Forestry attitudes are changing too. Heavy Caterpillar earthmoving tractors, that caused such erosion—skid trails—with consequent pollution to streams and spawning pools, are being replaced by smaller, lighter shovel loaders on tracks that leave the forest floor intact. State law now enforces a mandatory buffer zone of trees now, along streams and rivers.

Finally the salmon and other native fish are returning.

Forestry business mantra is that they are ‘on target to create new forests’ (in one hundred years), like the ones protected in the Redwoods National and State Parks, begun by President Teddy Roosevelt in 1875-92. He and John Muir should by now roaring with delighted laughter in their (redwood) coffins.

At the time Headwaters was established in 1999, 60% of the area had been logged. In some areas, forests were only beginning to regrow from clear-cut harvests of the 1980s and 1990s. Inheriting unnatural second-growth forests dominated by Douglas Fir, Bureau of Land Management (BLM) began restoration thinning in 2004. Goal of restoration was to accelerate forest development towards old-growth conditions, and restore a more natural species mix to each area—by cutting Douglas Fir and leaving Redwood and other less common species. From 2004 to 2013, BLM thinned 1,600 acres—approximately 21% of Headwaters Forest Reserve.

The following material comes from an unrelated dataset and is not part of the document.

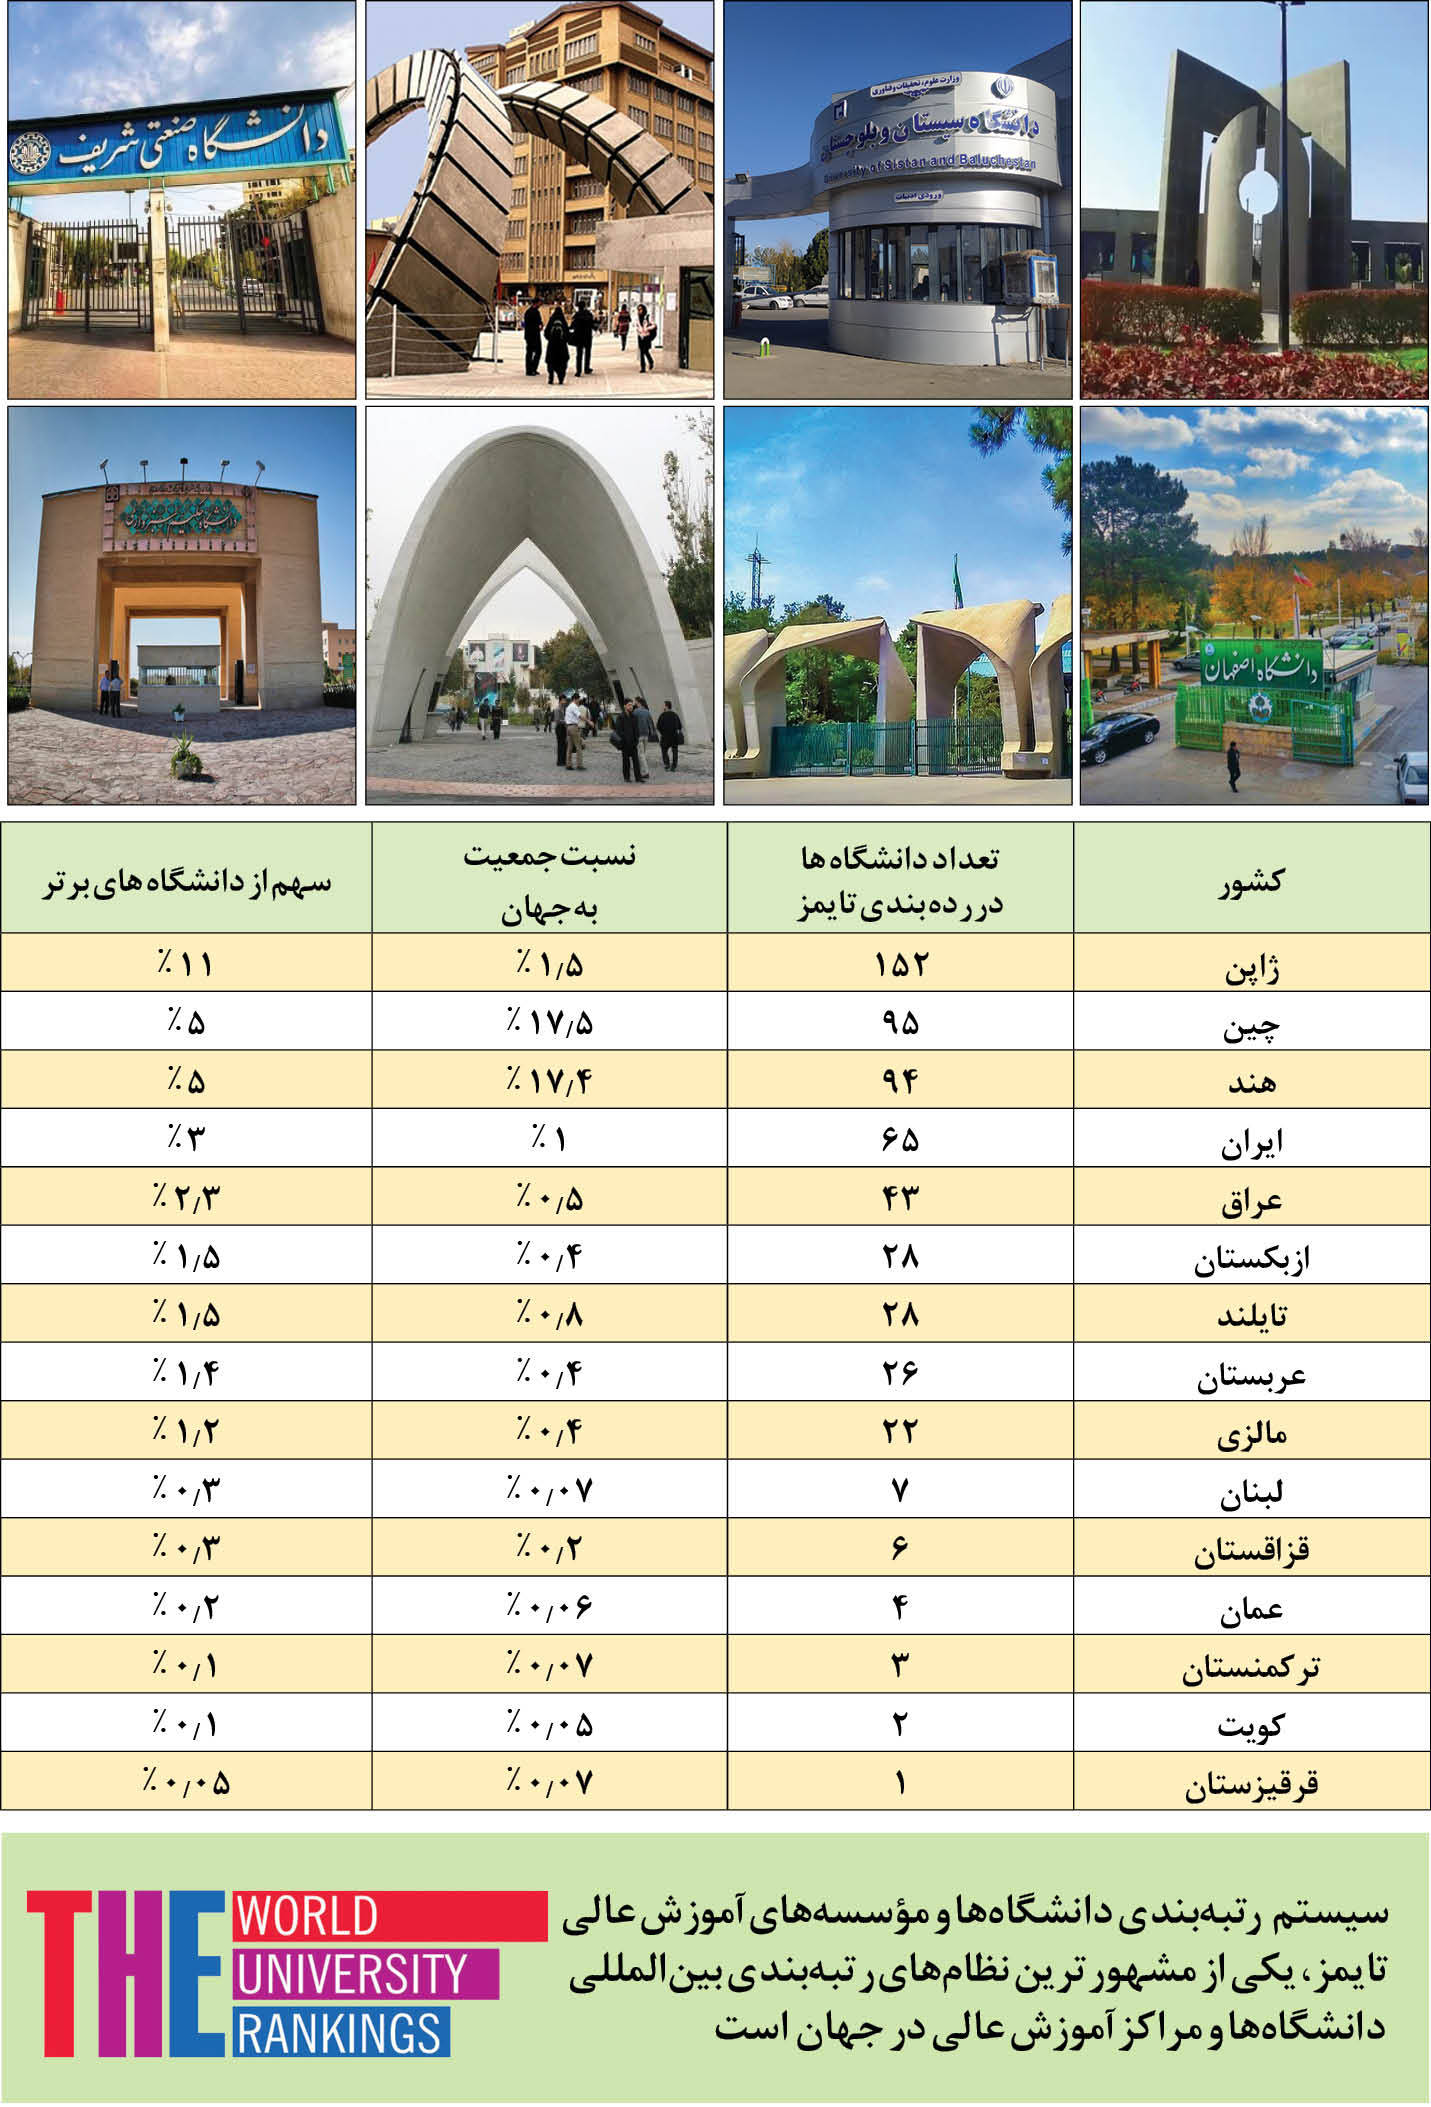 ایران؛ یک د رصد جمعیت، ۳ درصد دانشگاه های برتر جهان

Thinning Understory in Attempt to Mimic Old Growth
In 2014, BLM began a second round of thinning with an idea of introducing more ‘spatial complexity’, to mimic conditions found in old-growth forests within Headwaters. BLM workers created a mosaic of tree density across second-growth stands, by building off recent restoration work completed in Redwood National and State Parks. They also completed their research project in partnership with Humboldt State University. Their report, published 2013: “Modeling Young Stand Development towards the Old-growth Reference Condition in Evergreen Mixed-Conifer Stands at Headwaters Forest Reserve, California”.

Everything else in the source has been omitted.